# Vibrant camera wont take pictures. Just freezes.



## xringo

So heres my problem. Whenever i open the camera app , the app would open ,the camera would be working , i can move it around and the camera would capture it. But whenever i try to click on something , like the settings or the blue button (the shutter). It wont respond. It doesn't do anything but the camera lense would capture anything but wont take pictures. Then i get the camera app wont respond message , asking me to close it or wait. Please help , what do i do? Im running zenwich 1.8.5


----------



## drjjones426

xringo said:


> So heres my problem. Whenever i open the camera app , the app would open ,the camera would be working , i can move it around and the camera would capture it. But whenever i try to click on something , like the settings or the blue button (the shutter). It wont respond. It doesn't do anything but the camera lense would capture anything but wont take pictures. Then i get the camera app wont respond message , asking me to close it or wait. Please help , what do i do? Im running zenwich 1.8.5


Goto manage applications and clear data for camera then should be good to go.

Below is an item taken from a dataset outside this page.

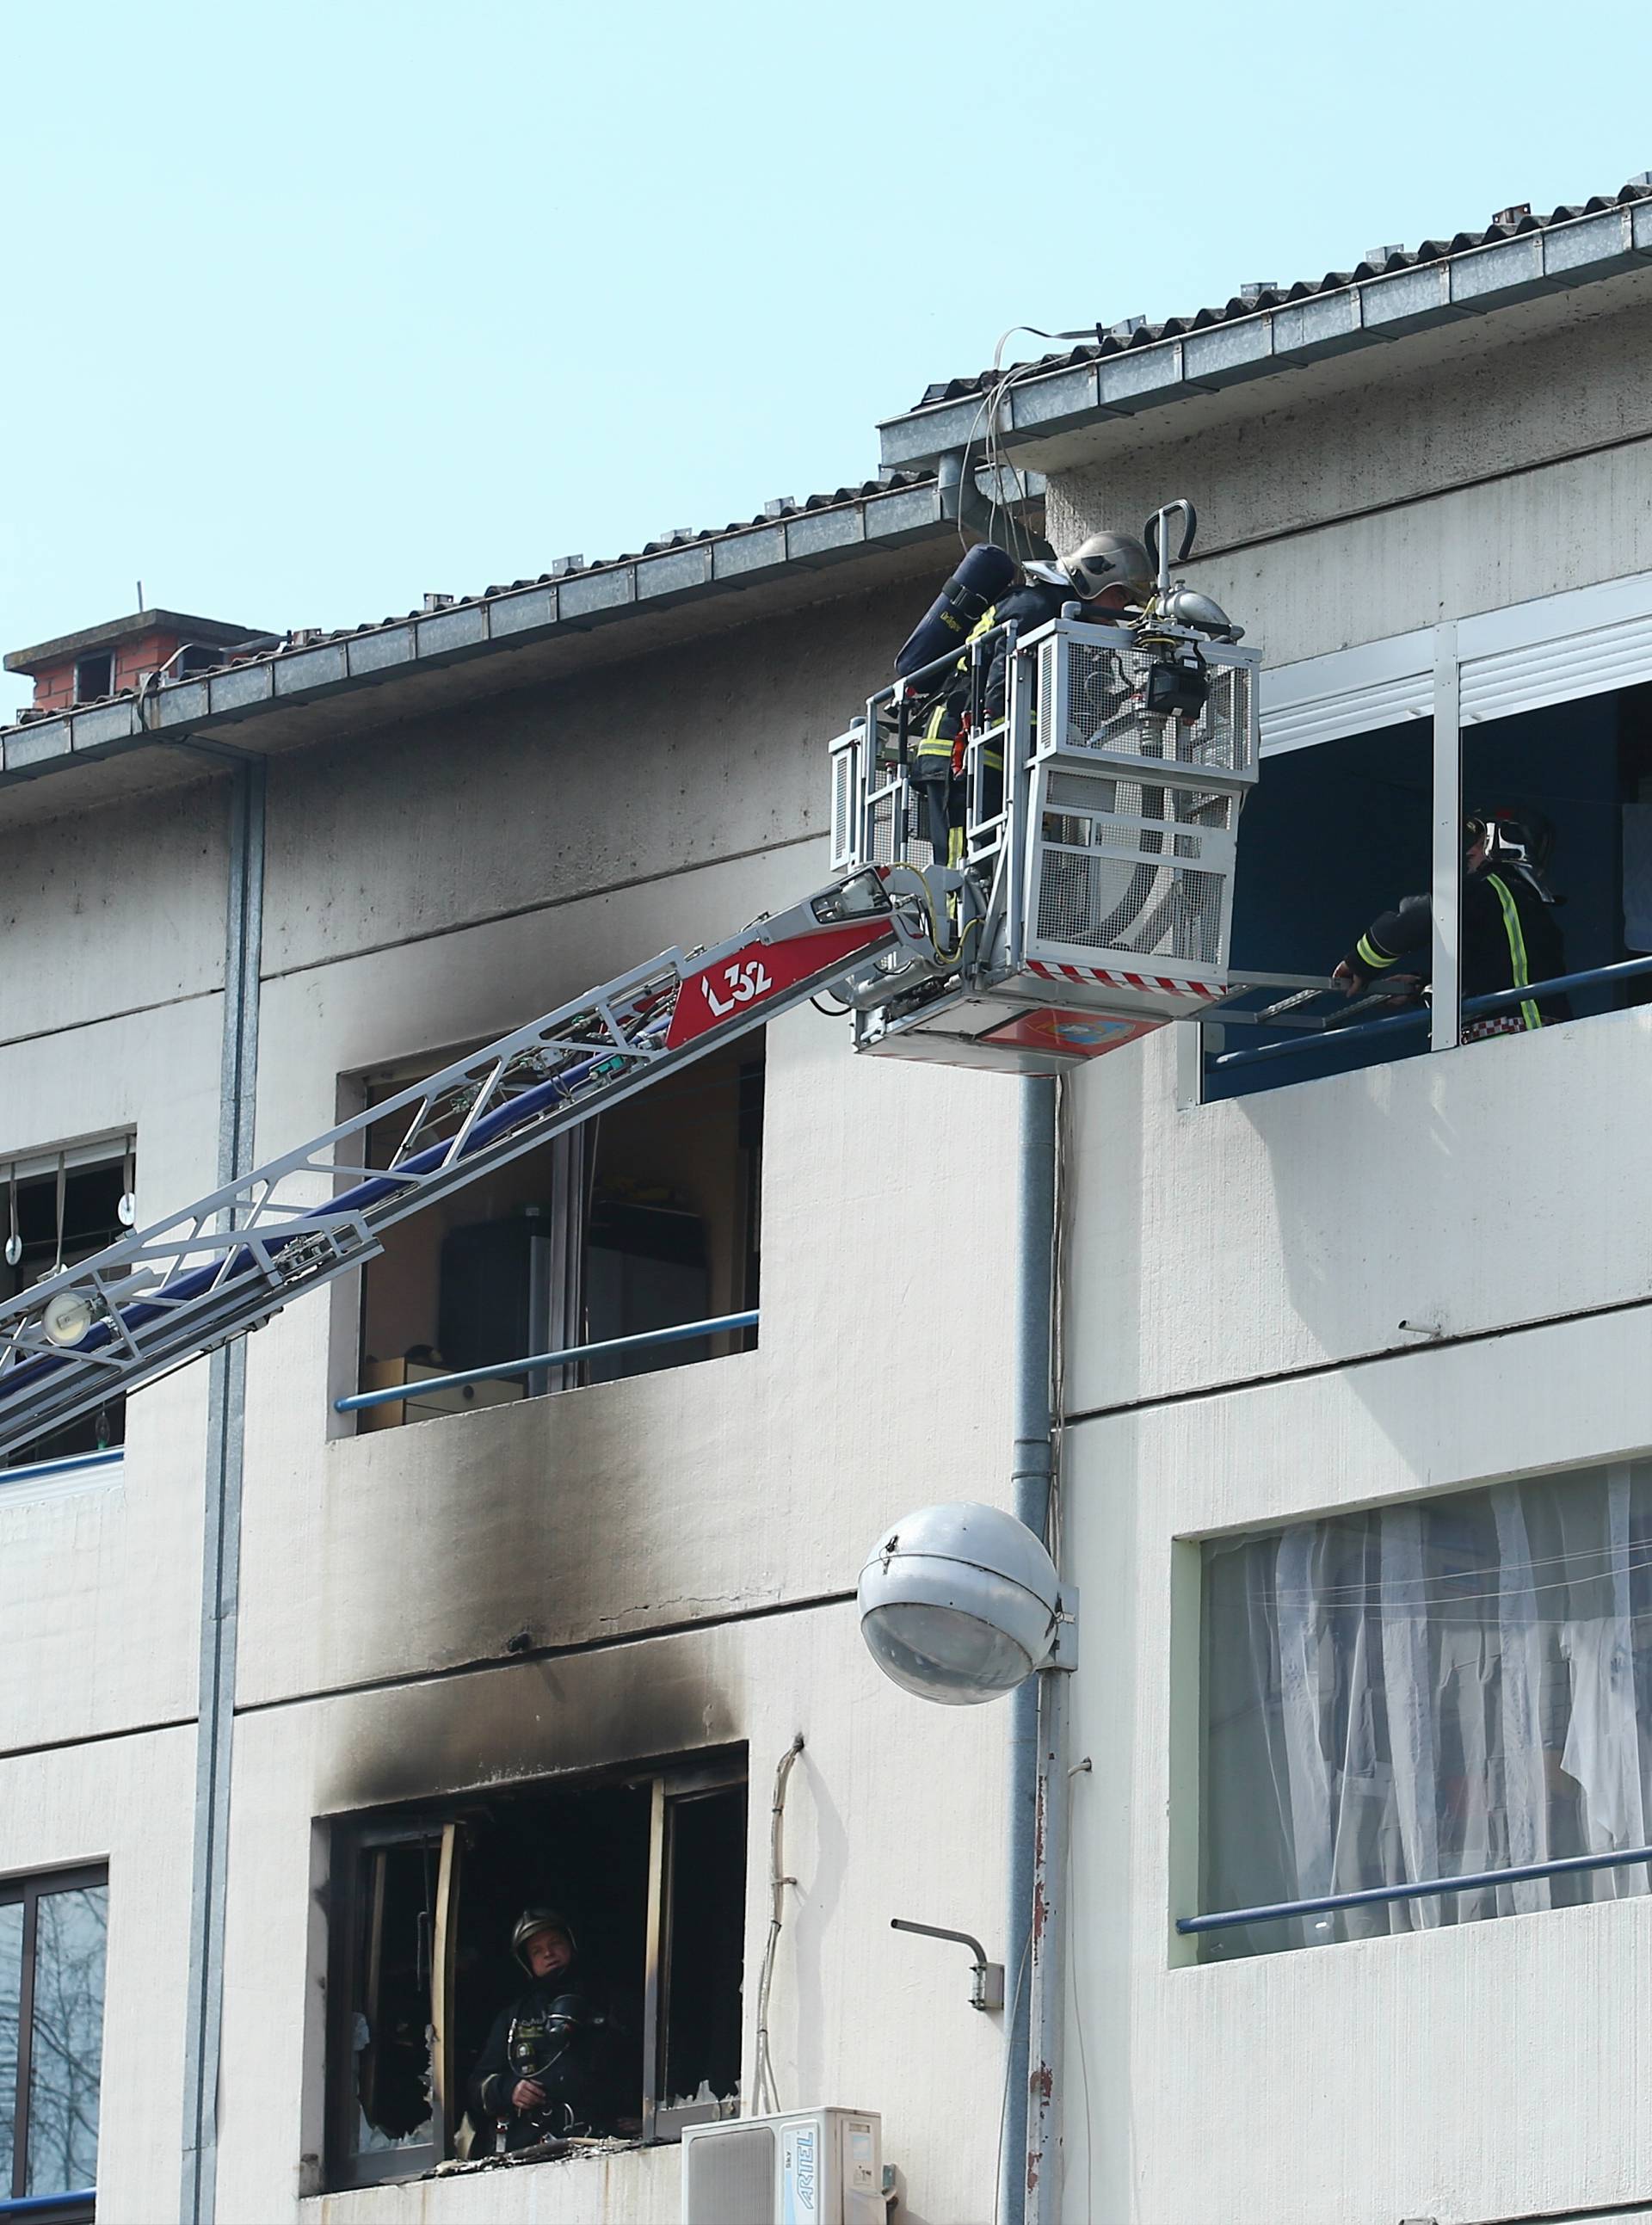 Šteta 100.000 kuna: Otvoreni plamen uzrok  požara u stanu

Sent from my SGH-T999 using RootzWiki


----------



## xringo

drjjones426 said:


> Goto manage applications and clear data for camera then should be good to go.
> 
> Sent from my SGH-T999 using RootzWiki


 I did that still no luck. I even cleared the cache and dalvik cache by going into the root menu , by holding volume keys and power. Still no luck


----------



## dougfresh

Extract any ICS camera apk from any rom and paste it in system/ app folder and set permission like the other apps in there. Then reboot.


----------



## manus ferrera

Have the same problem lately. Running ICzen 1.8.5

Sent from my SGH-T959 using RootzWiki


----------